Roberto Cossu
O biettivo “autenticità”, promette il sindaco di Cagliari. Come dire: ce n'è bisogno. Ma forse Zedda non sa che la promessa, quasi come il rito del Santo, si ripete da decenni. Tagliare, asciugare, recuperare: sono i verbi che annunciano puntualmente la sagra di Efisio, affannoso contraltare alla cura della processione che invece vive di gesti immutati e amorosi. Ma quale autenticità, poi? La sagra paga il conto del progresso e persino la devozione si adegua: ieri presidio geloso, nobiltà (o potentato) di una cerchia classista, entità sorda agli sconvolgimenti storici, rigoroso feudo Dc, oggi la Confraternita è ancora esempio di fede e fedeltà, ma spesso crocevia di beghe e (nel caso) commissariamenti.
Eppure, la genuinità - se c'è ancora - è solo lì. Nel rito puro. Piaccia o non piaccia, la sagra è altro. Qualcosa di rutilante e meravigliosamente laico. Già nel secolo scorso Claude Pasquin Valery si entusiasmava: «Curioso e magnifico spettacolo per la ricchezza e la varietà dei costumi, per l'allegria delle danze e per la gioia delle abbondanti cene nell'erba». L'erba non c'è più, sostituita da chioschi odorosi di wurstel e trattorie standard, forse si danza meno, ma il resto è sempre quello. Grande festa di città, che per un giorno richiama le genti dell'Isola, nella speranza di un anticipo d'estate e nella certezza di una Fiera purtroppo sempre più asfittica. Una sorta di Pasquetta multipla.
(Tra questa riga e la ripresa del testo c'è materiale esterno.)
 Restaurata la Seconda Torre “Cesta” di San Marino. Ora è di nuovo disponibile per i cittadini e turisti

Chi non è più giovane ricorda il lancio di pane e dolcetti dai carri, per esempio, il momento di gustare cose che avevano idealmente il marchio doc: il contatto con un mondo arcaico vicino eppure lontano, un'occasione unica. E per tutti la sagra era il contatto con la magia dei costumi, catalogo e caleidoscopio dell'Isola. I colori dell'identità, a parte il valore politico del concetto. Ha ragione l'arcivescovo di Cagliari: questa festa è un'icona completa della vita umana. Folclore, storia, cultura, tradizione e religione. Ora va aggiunto “turismo”, bene profano ma molto utile: la sardità da vendere.
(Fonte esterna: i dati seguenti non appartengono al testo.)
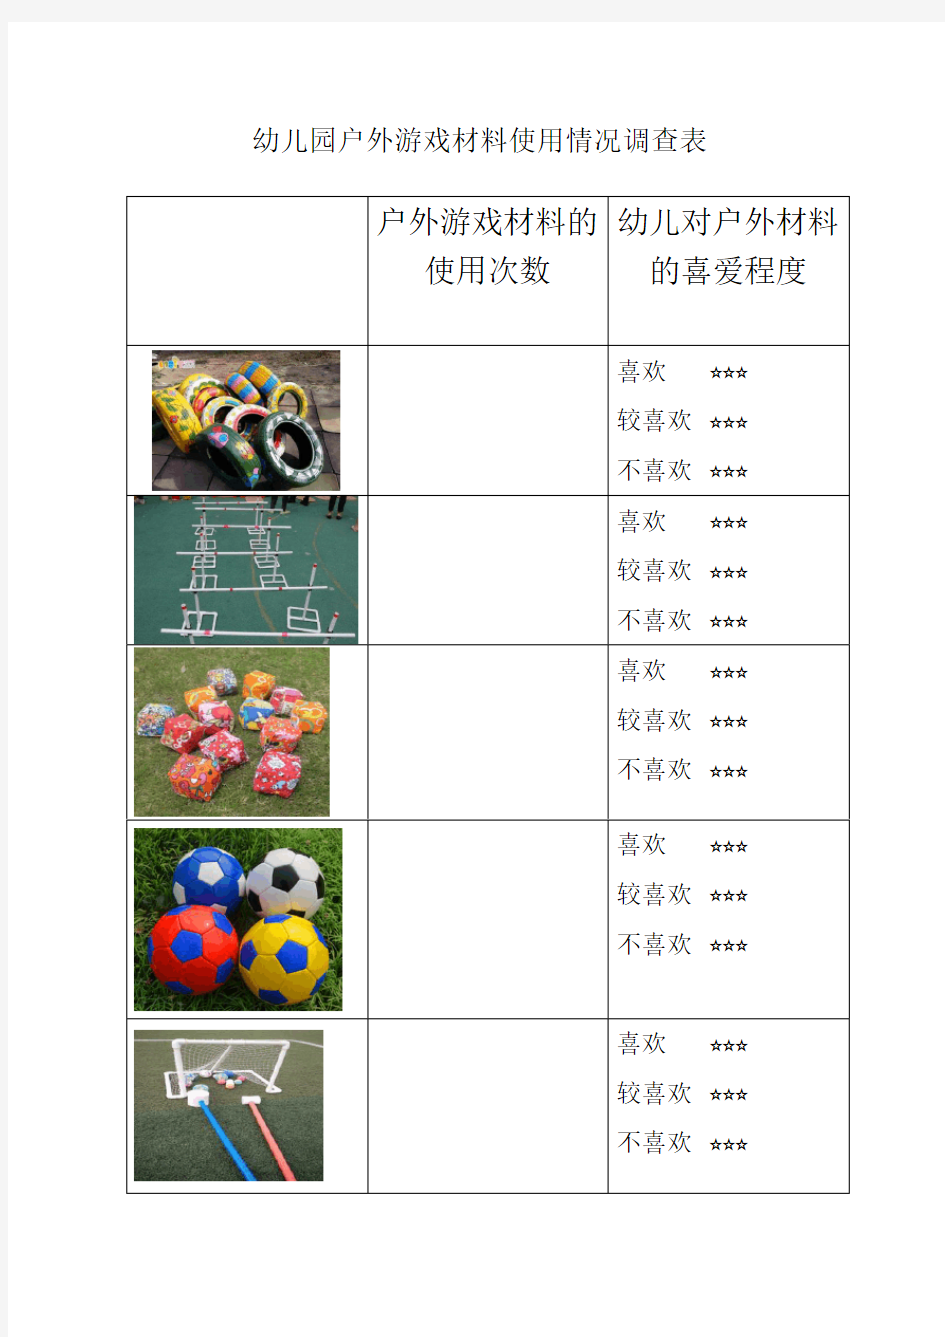 幼儿园户外游戏材料使用情况调查表

Le nozioni sul culto, la narrazione di una storia che comincia all'epoca di Diocleziano, oggi sono note dei depliant distribuiti dai tour operator e fatalmente catturati dalle app. Ma in fondo è così ovunque: anche a Siviglia, per le struggenti celebrazioni pasquali, dove un posto al balcone privato sfida l'Hilton. Prendiamone atto: attorno al cocchio ormai gli attori sono pochi, tutti sono diventati spettatori di quello che potrebbe diventare patrimonio immateriale dell'umanità. Il Comune ci crede, il dossier all'Unesco è partito. Visto che l'obiettivo reale è la scelta di Cagliari come capitale europea della cultura 2019, si spera nel terzo miracolo di Sant'Efisio.